The inflation index has been changed in the way it is measured multiple times since 1980. The latest year-over-year inflation rate by the government is 7.5%. To identify the real inflation rate, many economists include other items left out of the Consumer Price Index. This can raise the real inflation rate considerably. How long will it take a 7.5%+ inflation rate to eat away your profit margin?
Transitioning out of PPOs
The larger the percentage of PPOs you have in your practice, the greater the financial risk is to your practice. Fear and trepidation about getting out of PPOs needs to be replaced by fear and trepidation of staying in them.

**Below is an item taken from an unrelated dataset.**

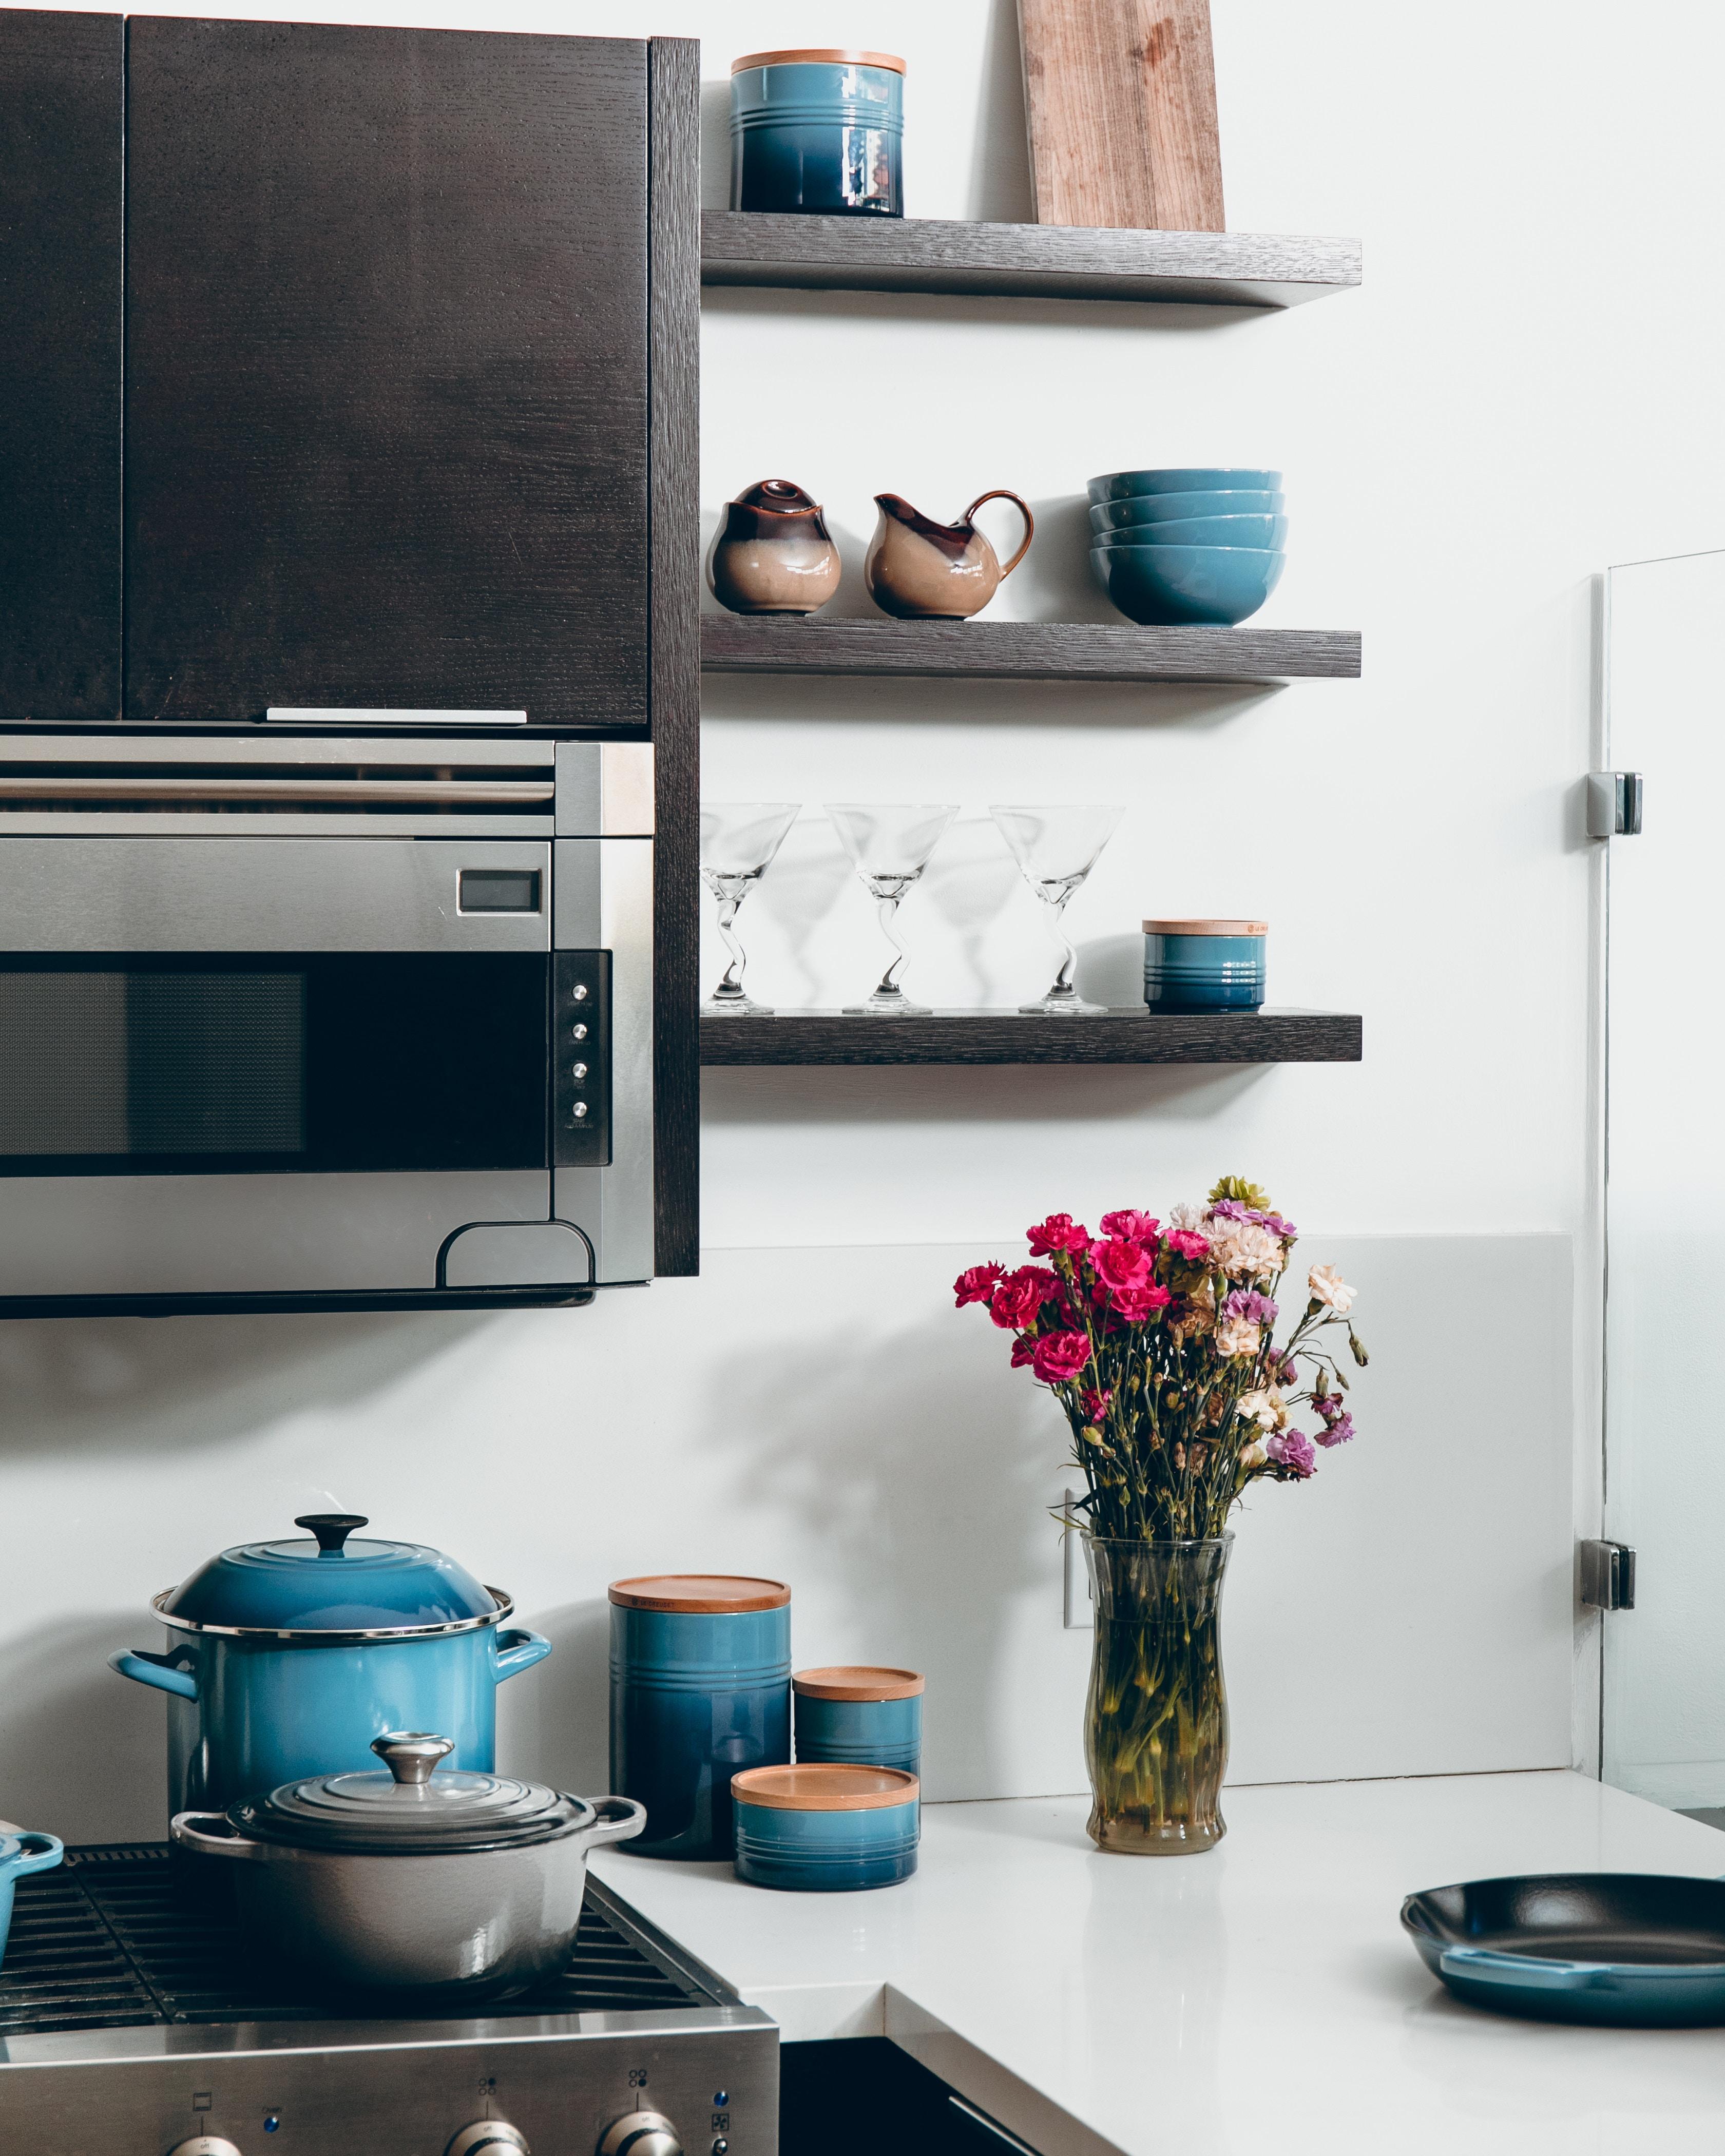 133053 скачать обои Посуда, Интерьер, Разное, Дизайн, Мебель, Кухня - заставки и картинки бесплатно

In my practice, we are trying to mitigate the loss of patients by dropping the most inferior plans first and the remaining ones spread over the next few months. We will continue to work with all insurance plans that allow unrestricted providers (out-of-network) and will continue to file insurance claims for our patients. Because rural Arkansas is not the most affluent area, our office does accept assignment of benefits. This helps with greater case acceptance.
Being out-of-network, a patient’s dental insurance then becomes like a coupon that they can apply to their case fee. There are many resources to help you transition your practice out of PPOs, including Dental Economics and other CE offerings such as Madow On Demand.
If you are looking for businesses to invest in (stocks) in inflationary times, many investment advisors will recommend finding good value companies with strong financials and that have the ability to raise their prices. This should also be the model we use to build our dental practices.
How can you keep up with rising overhead and salary demands without the ability to raise fees? Spoiler alert: You can’t! High inflation should help bring about the end of PPOs or it could be the end of PPO dental practices.